▶ INSTRUCTIONS FOR THE TASK: Everything in the records below from the line containing "C3T+X5SC-web_24.jpg" through the line containing "Milton Hershey Audiobook: More" is to be reproduced exactly, those two lines included; no picture is to be copied.
───── RECORDS TO PROCESS ─────
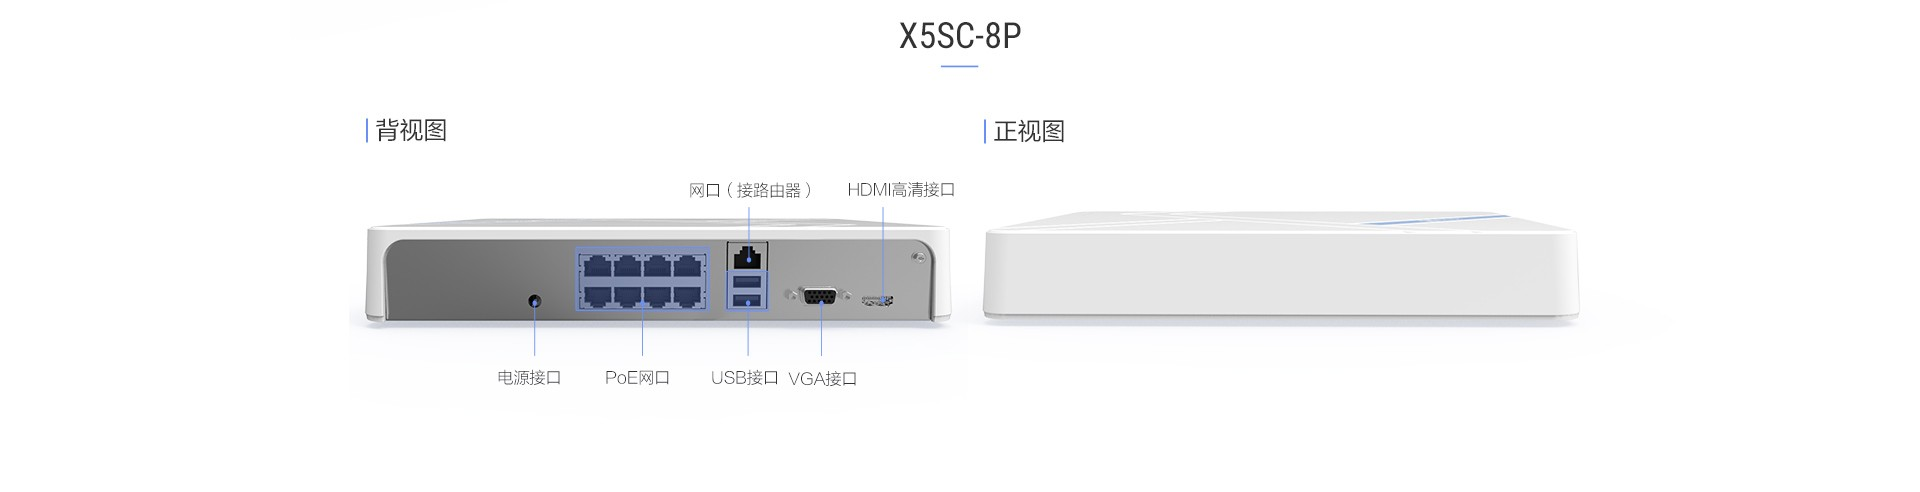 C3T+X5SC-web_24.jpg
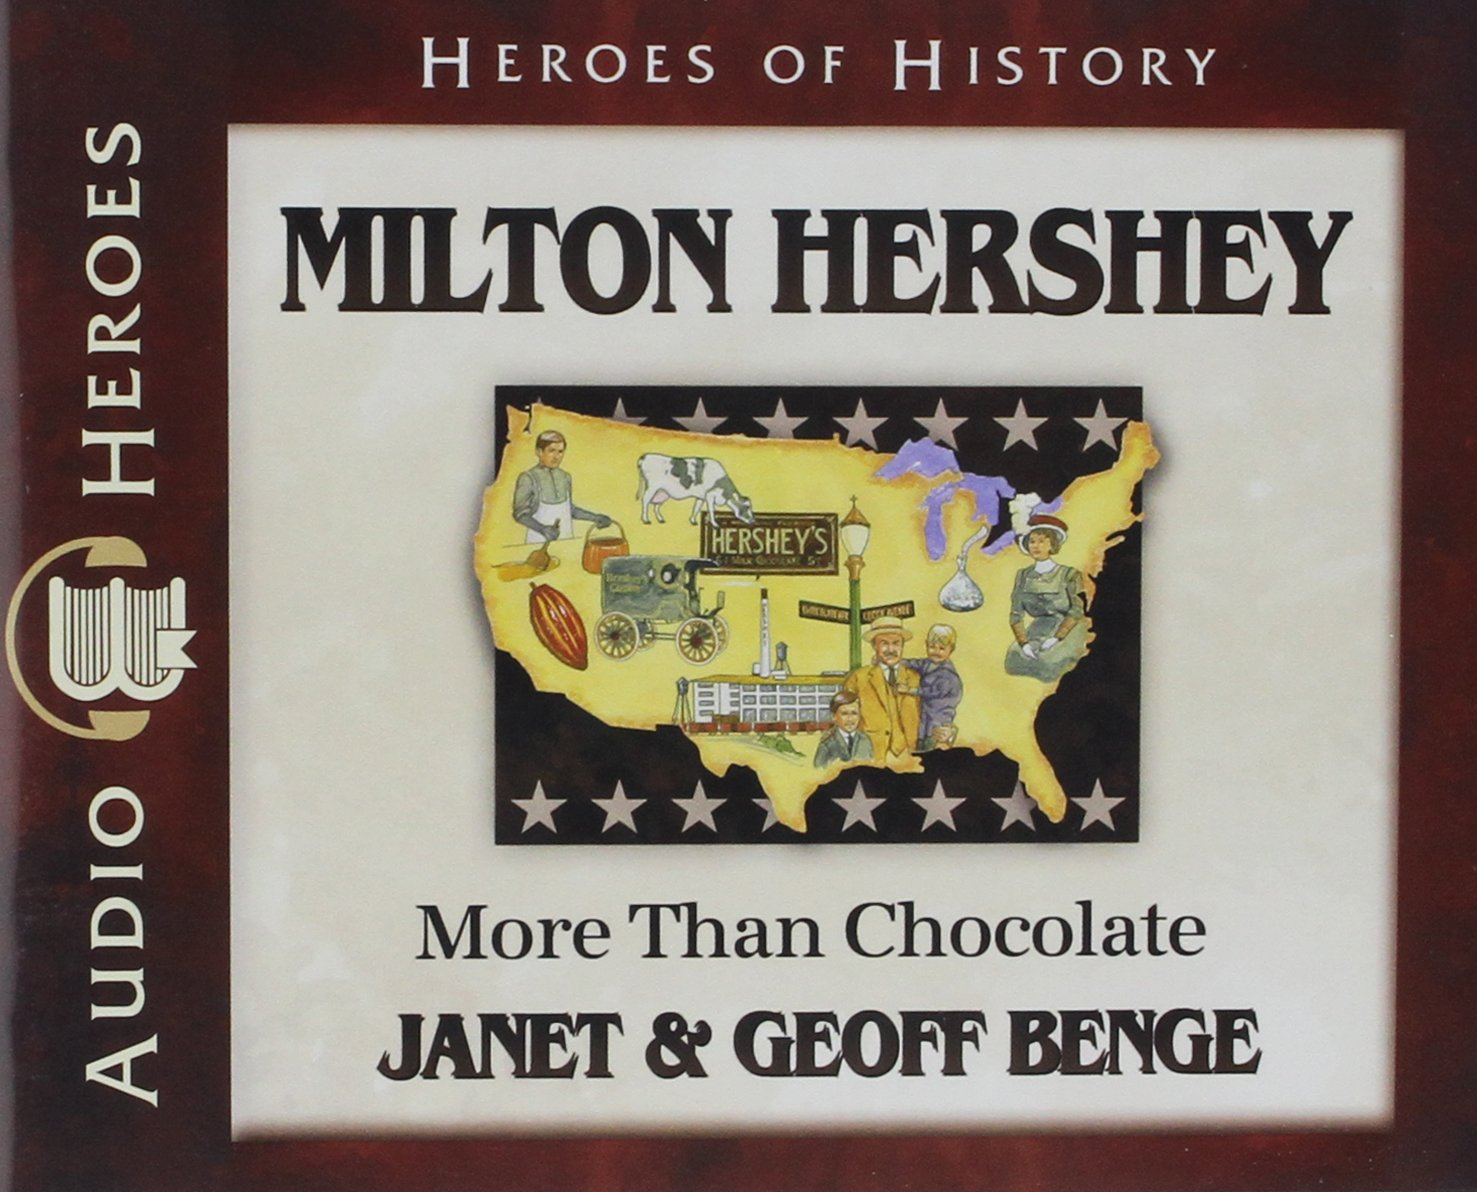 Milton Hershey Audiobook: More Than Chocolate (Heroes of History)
─────
───── RECORDS TO PROCESS ─────
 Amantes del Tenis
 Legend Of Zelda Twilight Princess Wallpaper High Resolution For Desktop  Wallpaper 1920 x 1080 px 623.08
─────
▶ WRITTEN SOLUTION:
 C3T+X5SC-web_24.jpg
 Milton Hershey Audiobook: More Than Chocolate (Heroes of History)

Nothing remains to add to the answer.